***** Data excerpt

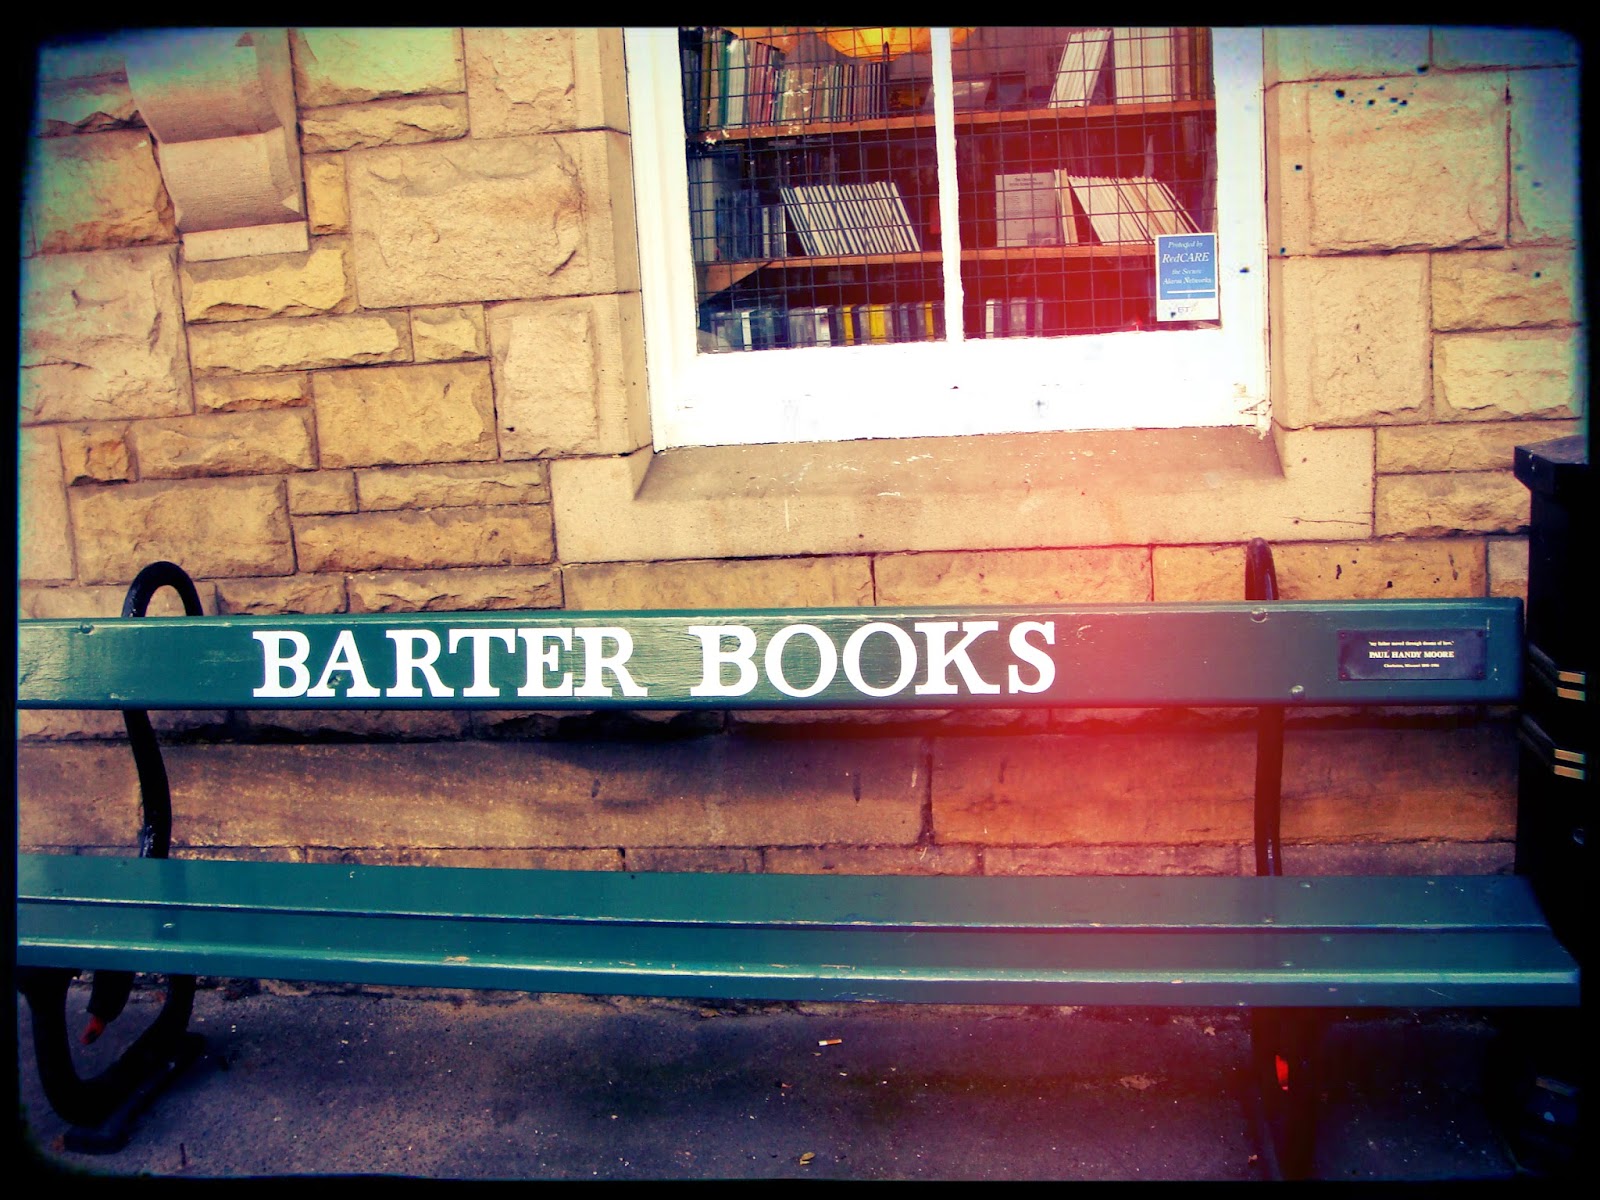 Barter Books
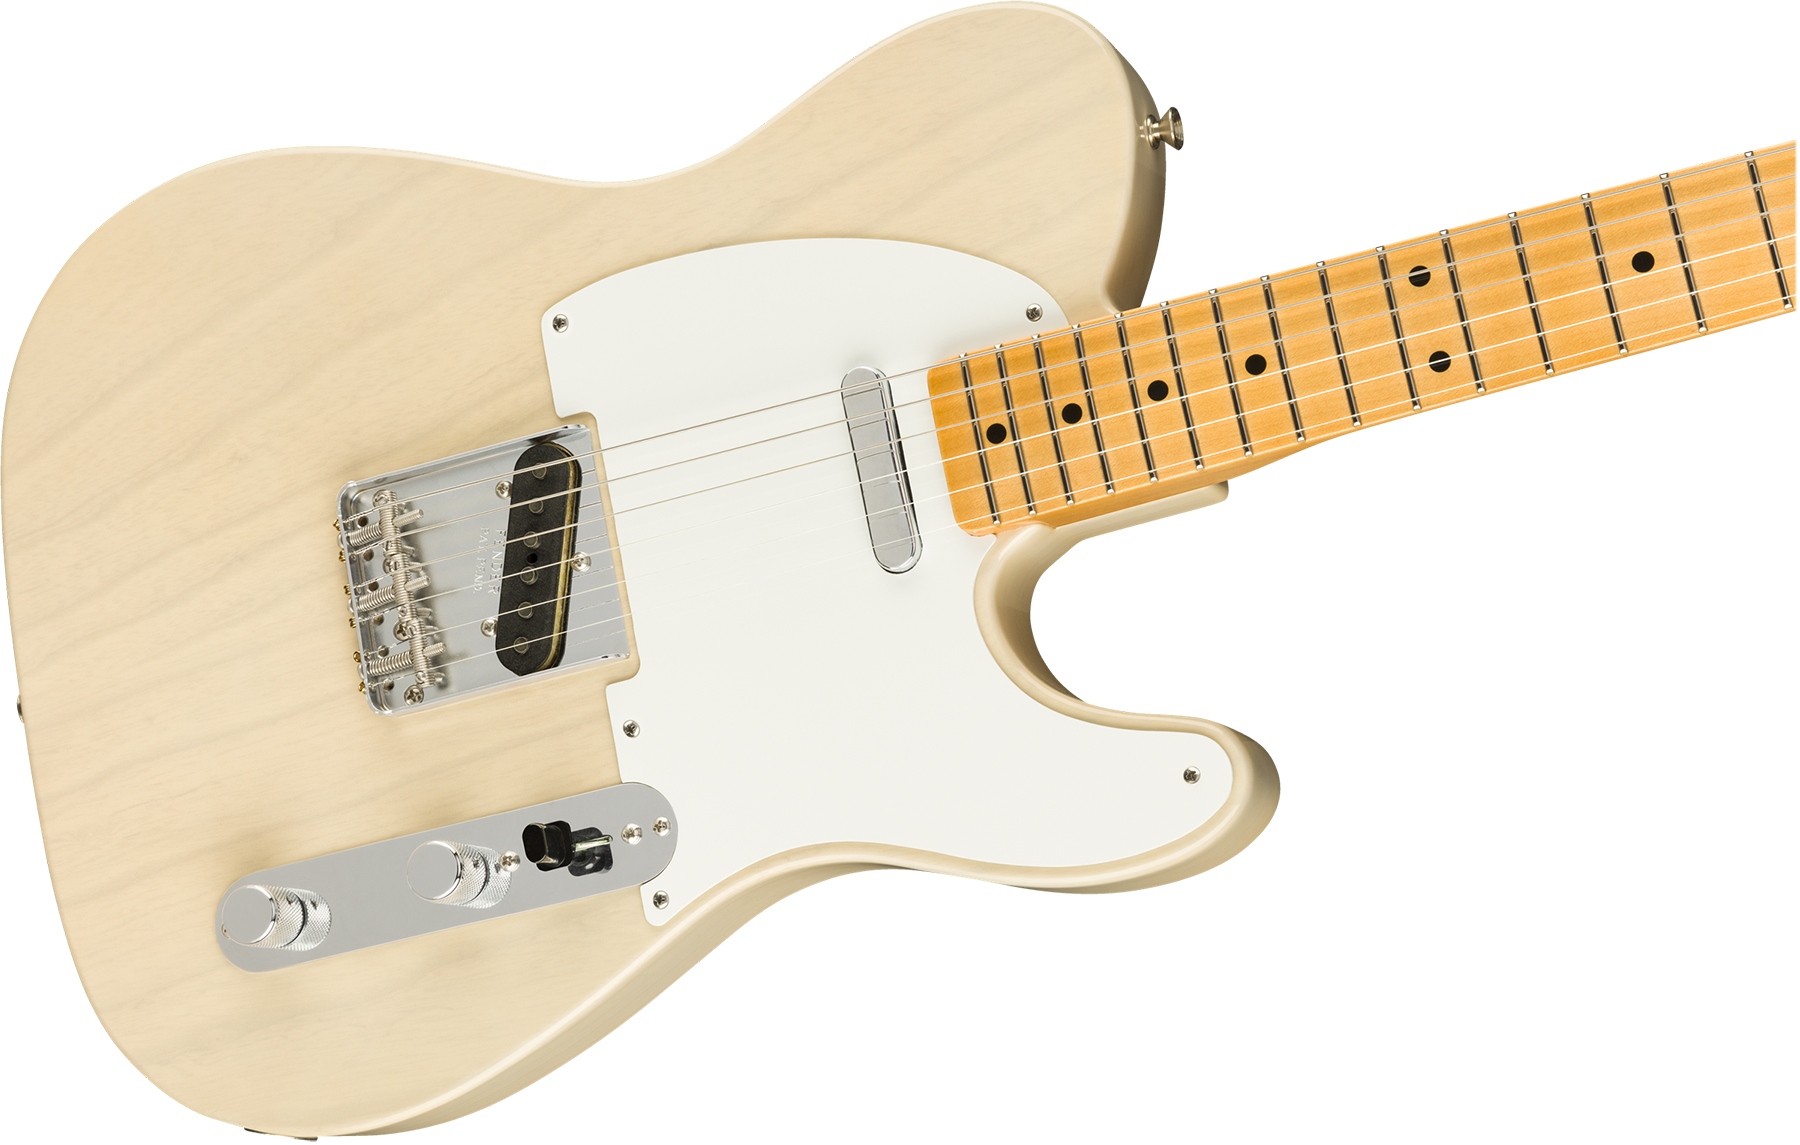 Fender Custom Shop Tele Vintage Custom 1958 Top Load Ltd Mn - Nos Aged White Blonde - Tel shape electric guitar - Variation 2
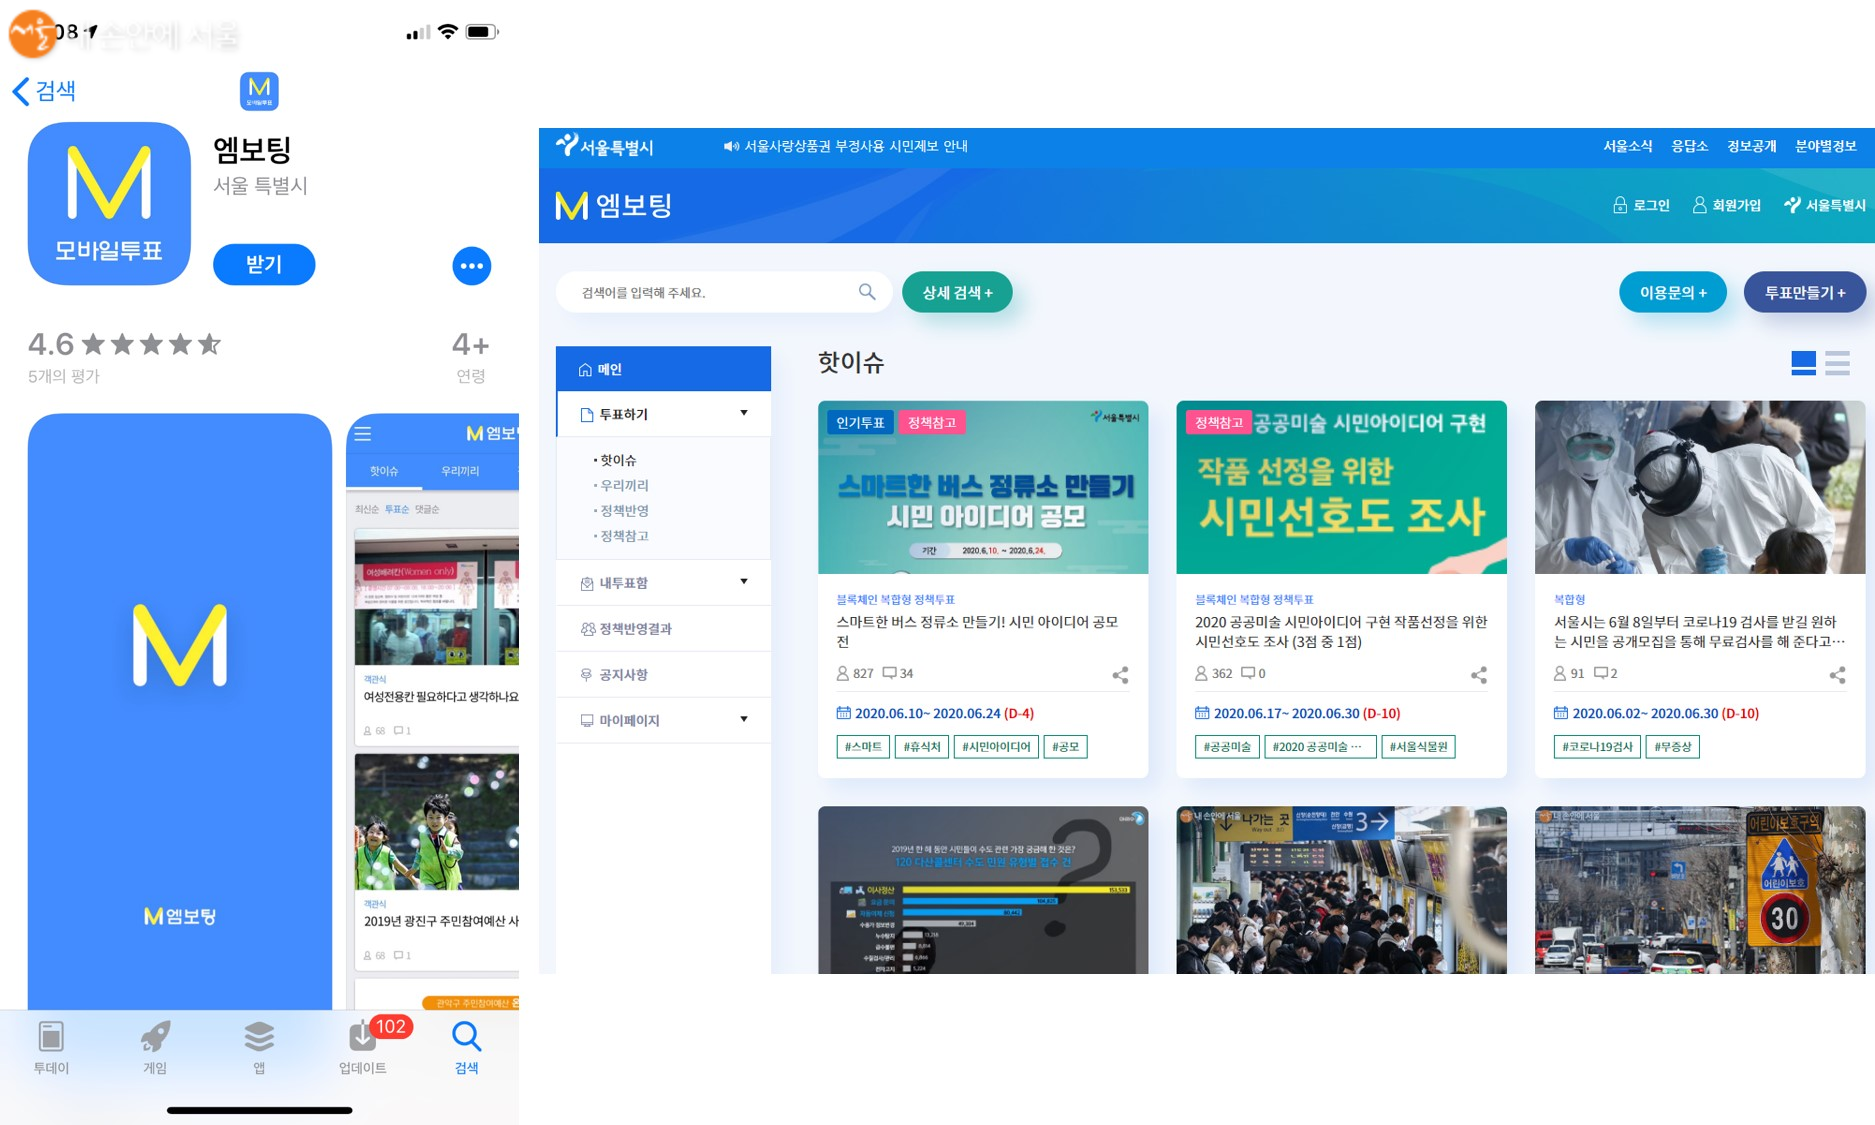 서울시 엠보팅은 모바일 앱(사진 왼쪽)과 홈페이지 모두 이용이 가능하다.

**********

=== Brief ===
Start to finish, write out the data above exactly, omitting all pictures.

=== Result ===
 Barter Books
 Fender Custom Shop Tele Vintage Custom 1958 Top Load Ltd Mn - Nos Aged White Blonde - Tel shape electric guitar - Variation 2
 서울시 엠보팅은 모바일 앱(사진 왼쪽)과 홈페이지 모두 이용이 가능하다.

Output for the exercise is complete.